In case you want a quick example of a backend application in Nim, I've written a small post[1] describing how to create a room based chat using it and HTMX. In total, it's around 70 lines of code (though it doesn't cover more advanced use cases, like username collision). I too have moved from Go to Nim, the syntax and ease in which I can turn a feature into code has been much better.
Genuinely curious - why should I care about Nim? There are already a plethora of general purpose languages (both compiled and interpreted). Also, is anyone using Nim today? What's the adoption?
For me it's the intersection of performance like Rust, the readability like Python, the ability to generate native executables without dependencies like Go and a very cool type system.
All while delivering fast compile speeds!
I've just looked at some benchmarks, and even though Nim claims C-like performance, that never seems to be confirmed by independent tests. It is usually a bit behind C / C++ / Rust / Crystal, and roughly on-par with Golang.

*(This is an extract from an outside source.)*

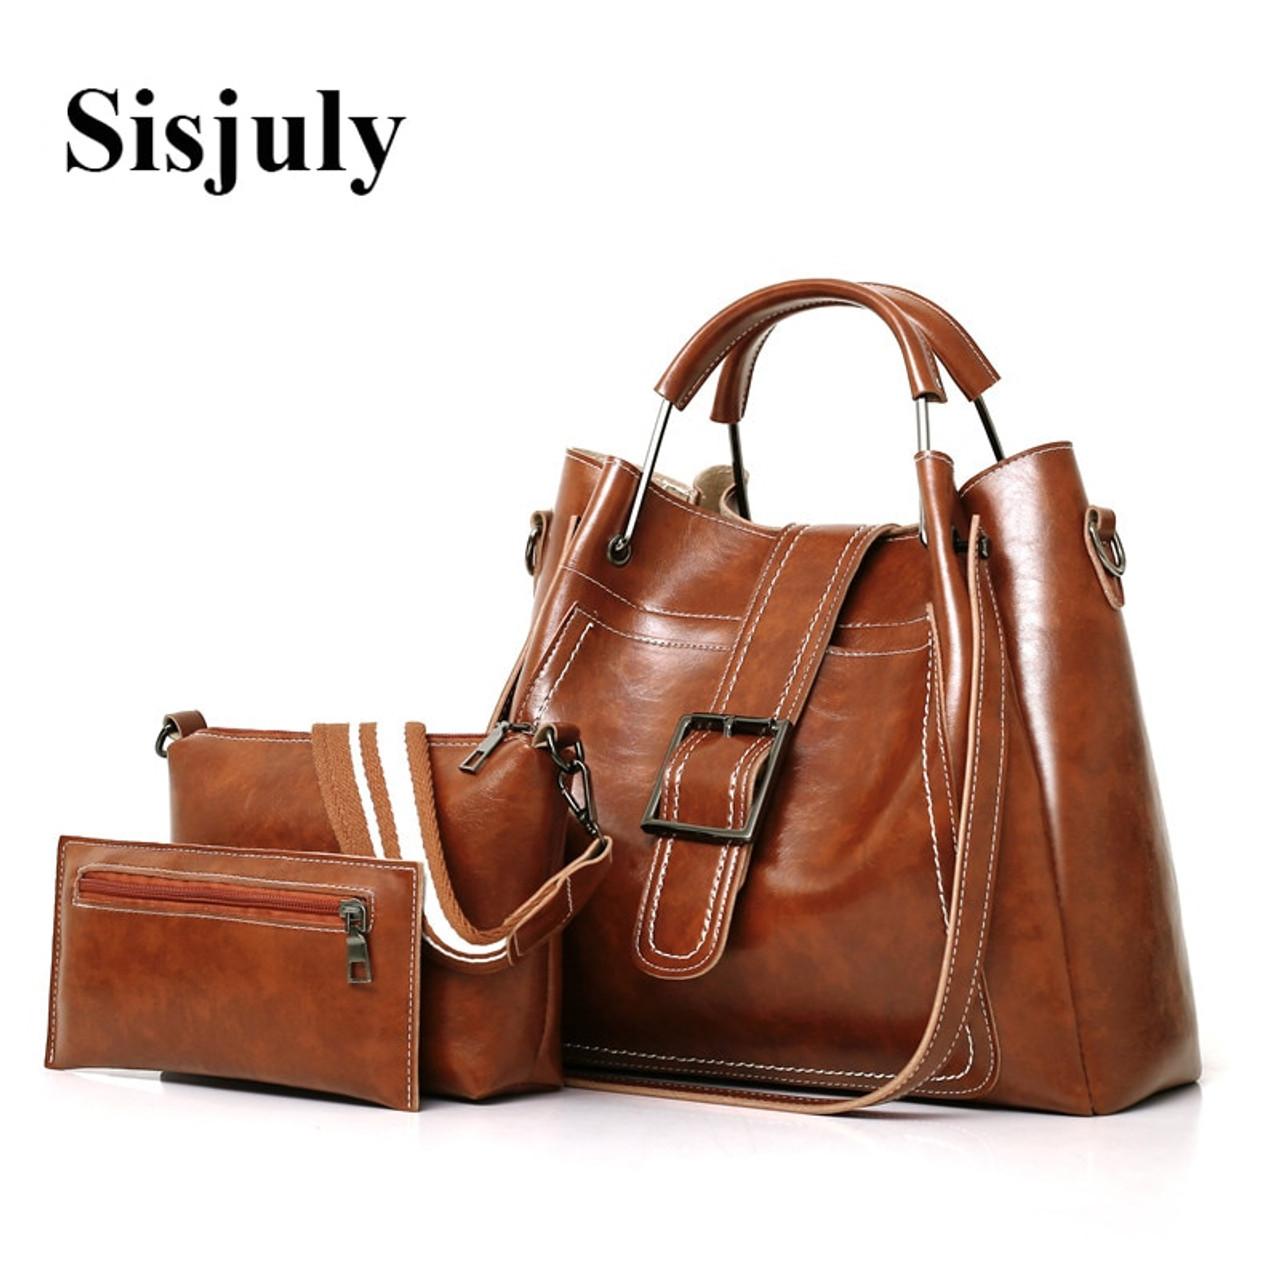 Sisjuly Women Bags Leather Luxury Handbags Famous Brands Female Shoulder  Bags Designer Crossbody Bags For Women s Messenger Bag - OnshopDeals.Com 406b4b3e6fd00

Fast enough for sure, but "half the speed of C" would be more honest it seems?
it depends a lot on where you are coming from. If you are a Python developer/user (without any other information it is possibly the most likely case nowadays), you might find it solves a lot of current Python pain points (speed, portability, lack of typing, package system) and it has some added bonuses (great macro system, compiles to JS, works great for embedded).
If you are not a Python developer/user but you are somehow interested in new languages like Rust, Julia or Zig (you might be both), you might want to hear a different take on how Nim is also able to solve some of the problems they solve (a better C++, a better Python/R/Matlab for scientific computing, a better C - not that those languages reduce to those aspects...).

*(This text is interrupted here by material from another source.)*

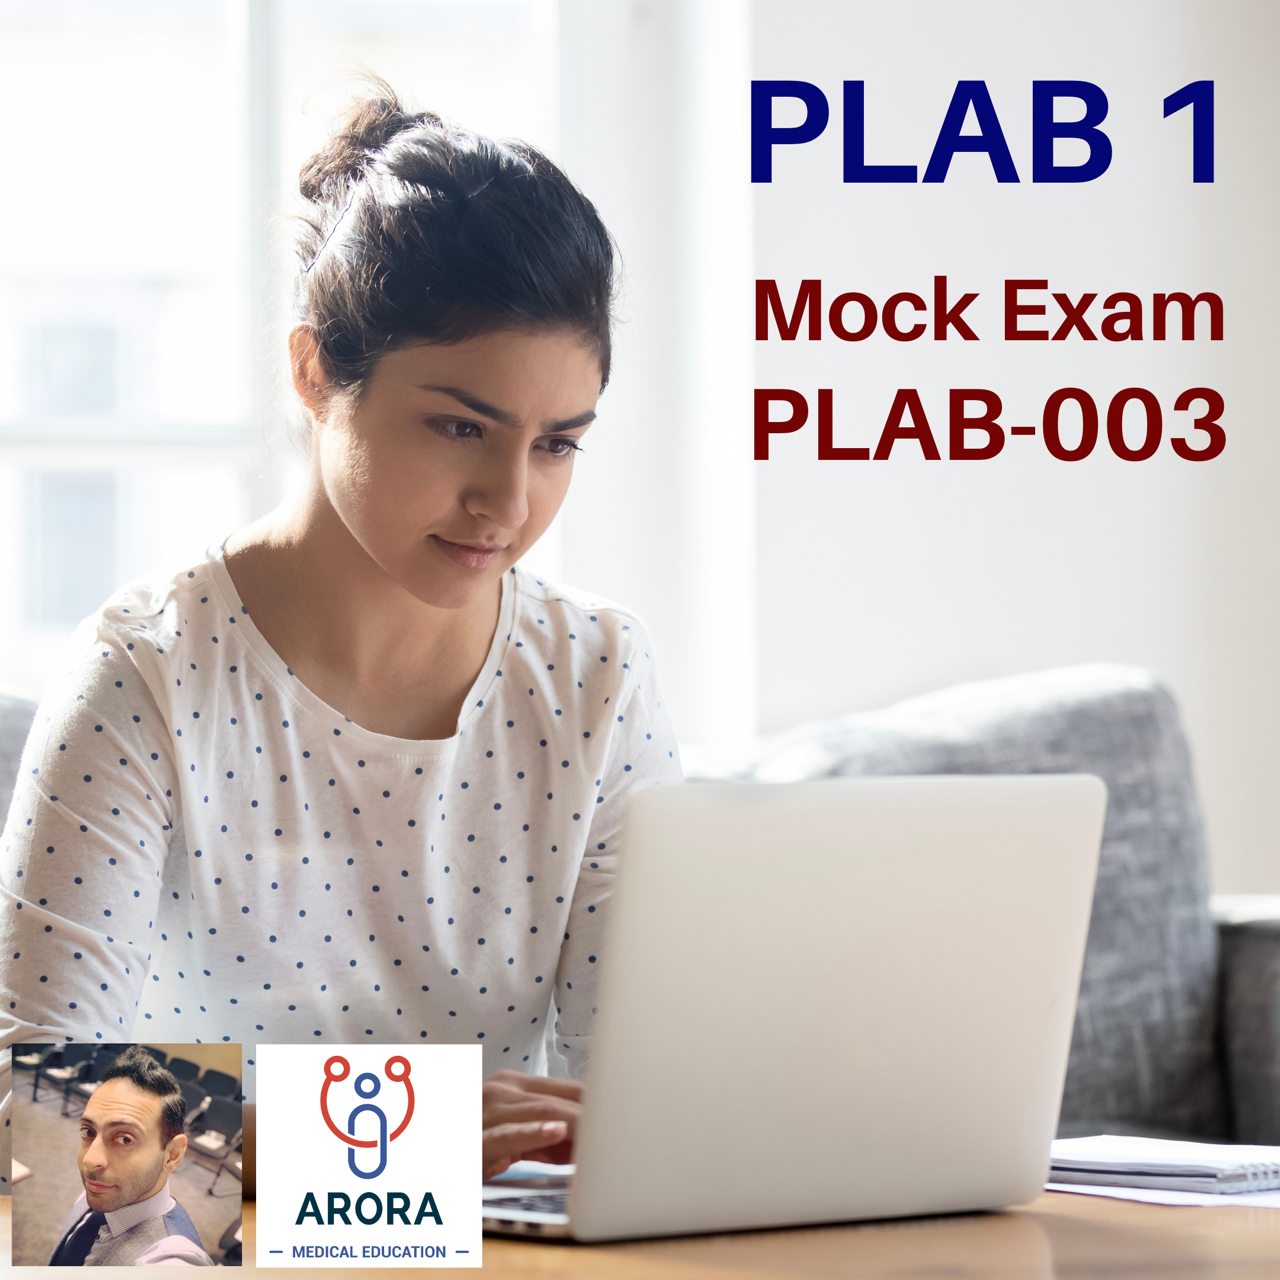 PLAB 003 - MRCGP CSA, AKT and PLAB Exam Courses and Online Webinars - Arora Medical Education

I think that what is happening now with Rust, Julia and Zig is great and I am happy that many people are looking at those languages and growing their ecosystem and their communities. Part of the drive of people there is to be able to make a significant improvement in the evolution of those languages (harder to do that in C, C++, Java, Python, C#, Swift, ...). I just happen to particularly like Nim and love being involved in it so far.

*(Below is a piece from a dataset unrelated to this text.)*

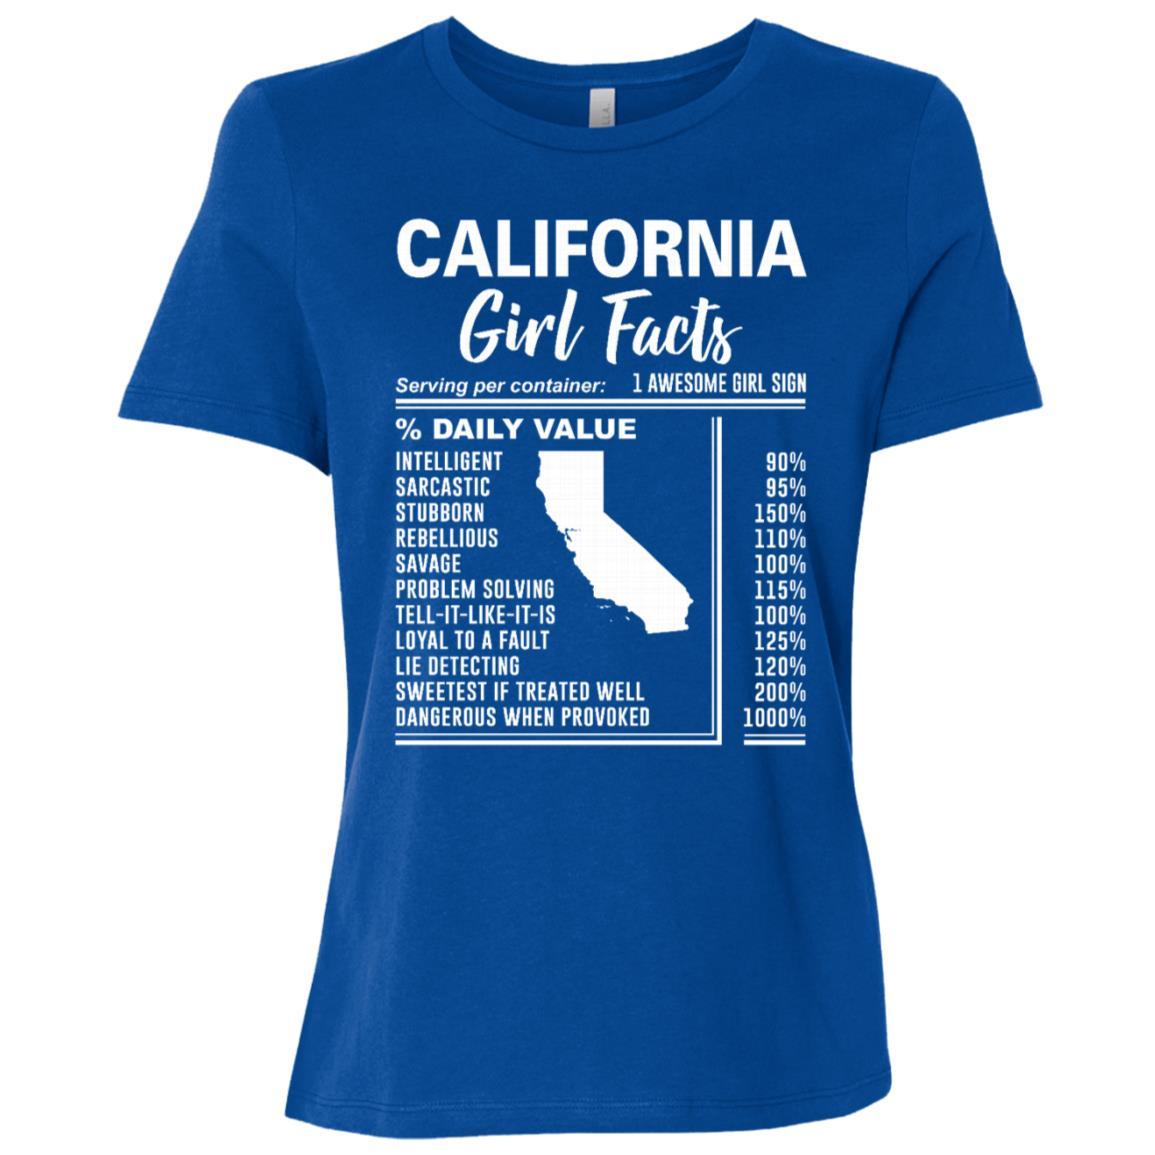 Born in California – California Girl Facts Women Short Sleeve T-Shirt

A recent article that explains the philosophy of Nim is the Zen of Nim by Araq (Nim's BDFL) [0]. Nim has some universal vision in the sense that it can be really used for everything (from kernel programming to web development, from scientific computing to game development, from embedded to devoping compilers and interpreters, from short throwaway scripts to critical infrastructure). Not necessarily it is for _everyone_. Taste of people varies a lot and that is a good thing.
Several years back, I wanted to know what the hype was about with regard to Rust and started looking into Rust a bit. In the process I also stumbled across Nim and decided that Nim suited those needs that I might have had for Rust even better than Rust did.
The killer feature for me is that it transpiles both to C and to JavaScript and I like the clean Python-like syntax.
I now use Nim whenever I write a decent chunk of "pure logic". By that, I mean something that does something complex and useful without leaving the confines of its own codebase all too much. In those cases it's nice to have the option of portability between the C ecosystem and JavaScript ecosystem.
When I write "glue code" (and, unfortunately, most code that most people write falls into that category) where I basically just put bits of language ecosystem together in a trivial way to achieve something useful, then I use Python because for such tasks the sheer size of the language ecosystem is king.
Araq created Nim because he wanted to. Others use it because they want to. Why does it need a raison d'être ?
What it has: garbage collection with option to turn off, small binaries, compiles to C (and other languages) as intermediate step so it's easy to integrate into existing codebases, it's very fast without needing much trickery, it has all the features everyone always asks for with more being added all the time, etc...
Is it better than Rust, C++, Go, Java, whatever? Probably not in a strict sense. But it's pleasant to write plus above features. It's like Pascal meets Python meets Go but compiles to C and JS.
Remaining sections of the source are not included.